Pracujemy prawie bez przerwy od czasu przybycia i chociaz wiele prac udalo sie zakonczyc, to juz teraz wiadomo, ze kilku nawet nie uda sie zaczac!
Jestesmy oboje bardzo zmeczeni, patrzenie na kalendarz coraz bardziej nas stresuje, ale nie dajemy sie.
nie wzsystko udaje sie od razu - na ponizszym zdjeciu widac moje beznadziejne proby namalowania flagi francuskiej - widoczne sa trzy podejscia, dopiero czwarte okazalo sie poprawne. na innych zdjeciach widac jak wyglada moja kabina, moja lazienka i o prosze, nareszcie cos pozytywnego - lazienka Guy.
Aktualny projekt to instalacja drugiego / pierwszy juz zainsalowany dwa tygodnie temu/ zbiornika paliwowego.

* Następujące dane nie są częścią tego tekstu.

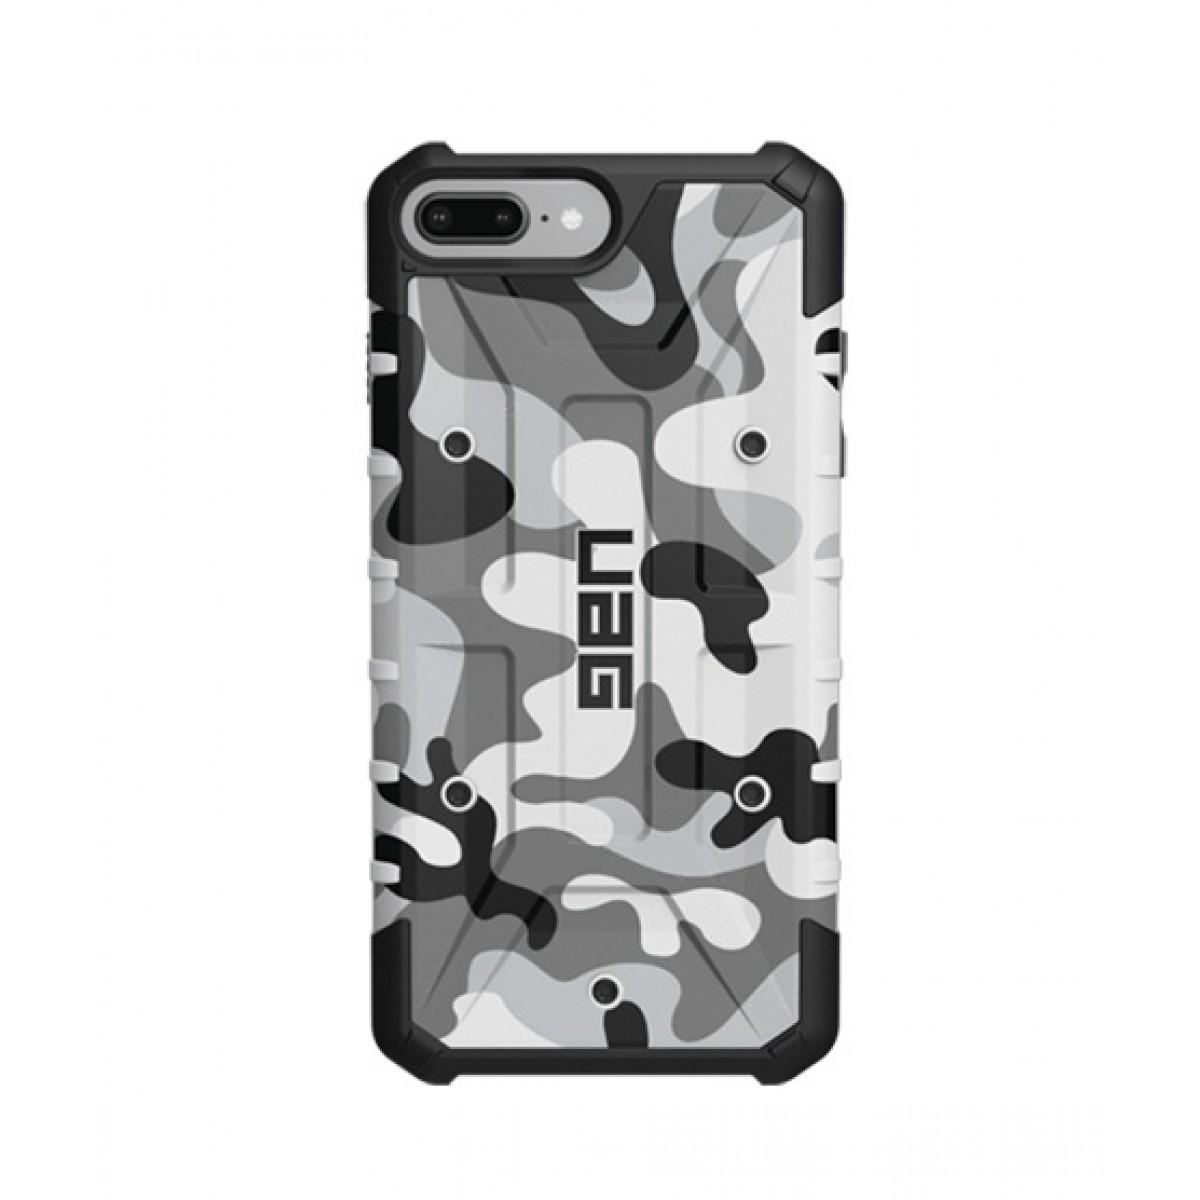 brand new 2f622 9cf60 UAG Pathfinder Se Camo Series Arctic Case For iPhone 8 Plus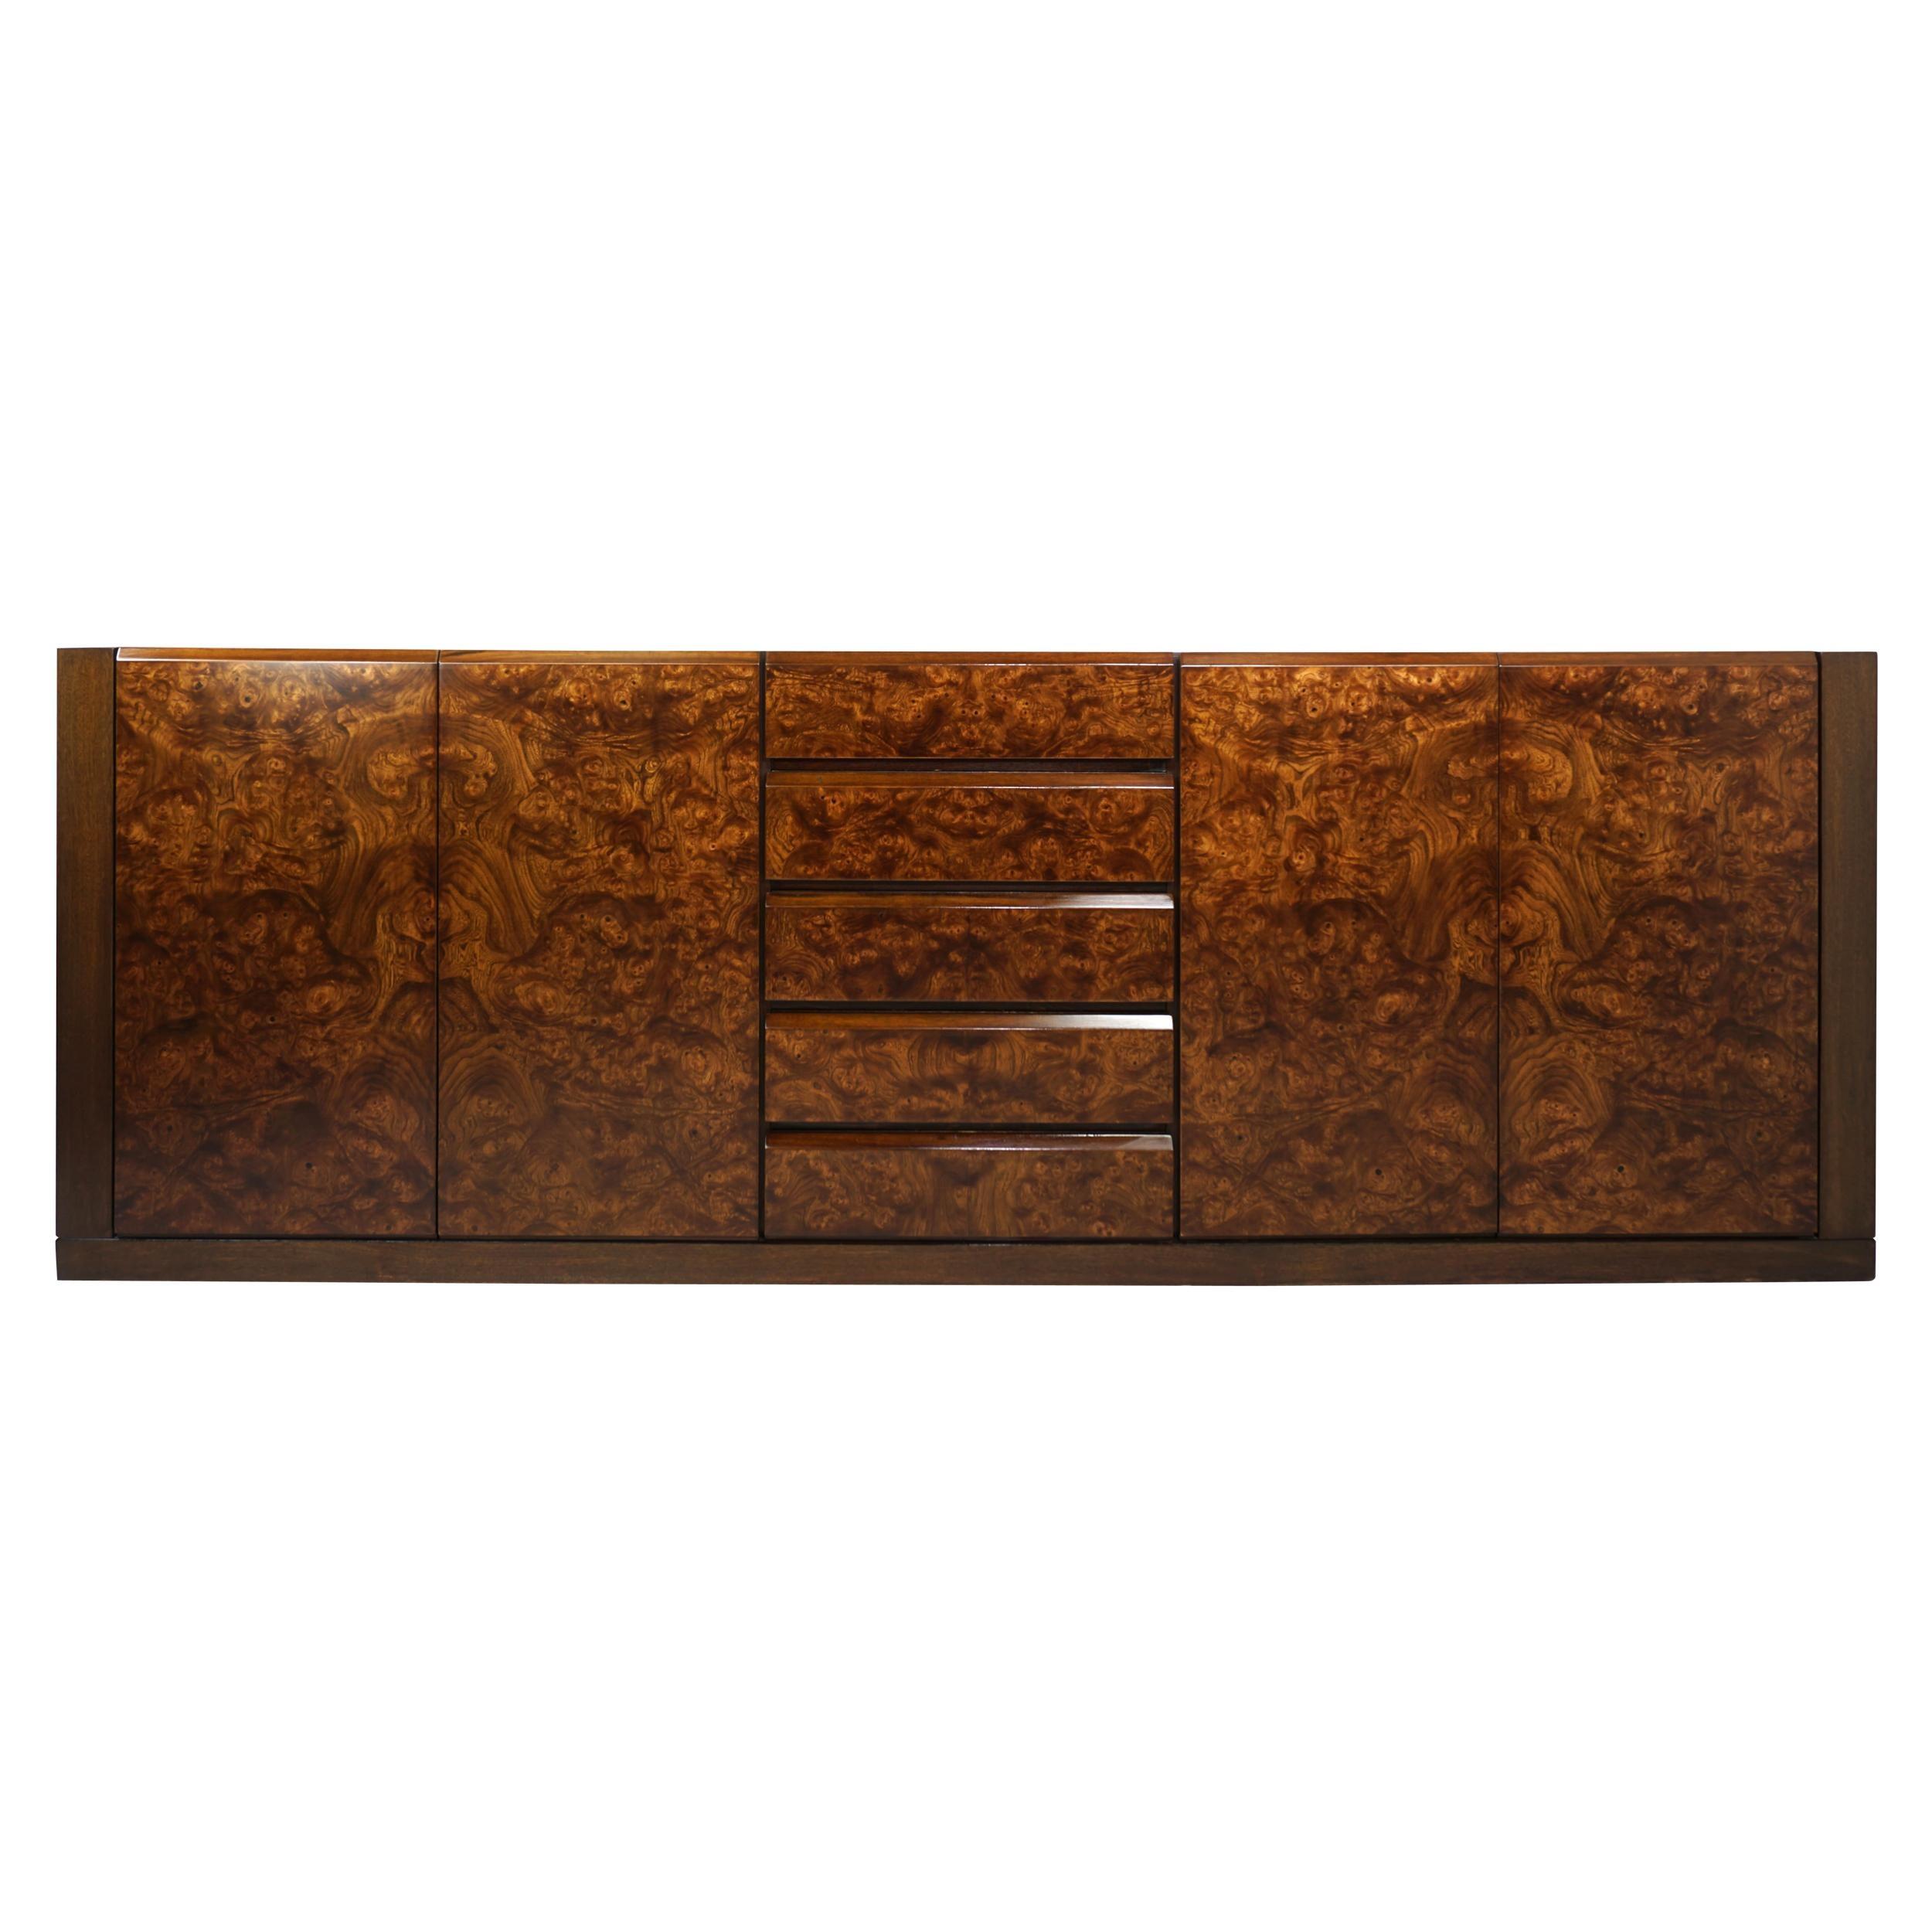 1960s - 1970s Design Burl Walnut Wooden Important Sideboard

Dzisiaj rano jeszcze ciekl, ale GUy uporal sie z tym problemem, pozostaje podlaczyc kable pompy elektrycznej, upewnic sie, ze pierwszy zbiornik nie cieknie i mozna lac paliwo.
Jeden z ladniejszych projektow, szczesliwie ukonczony, to nowa platforma rufowa z odnowiona drabinka, miala ona tez kilka podejsc, ale jak widac wygralismy bitwe z materia nieozywiona ,ktora tym razem pomieszala lakier z nieodpowiednim rozpuszczalnikiem i nie pozwolola mu wyschnac / trzy podejcia malowania i zdzierania/
Najtrudniejszy projekt tez ukonczony to wymiana zbiornika na wode , zeby wyciagnac stary trzeba bylo wynajac mlot pneumatyczny do rozbicia epoxybetonu dookola stalowego zbiornika, to byla bardzo ciezka robota!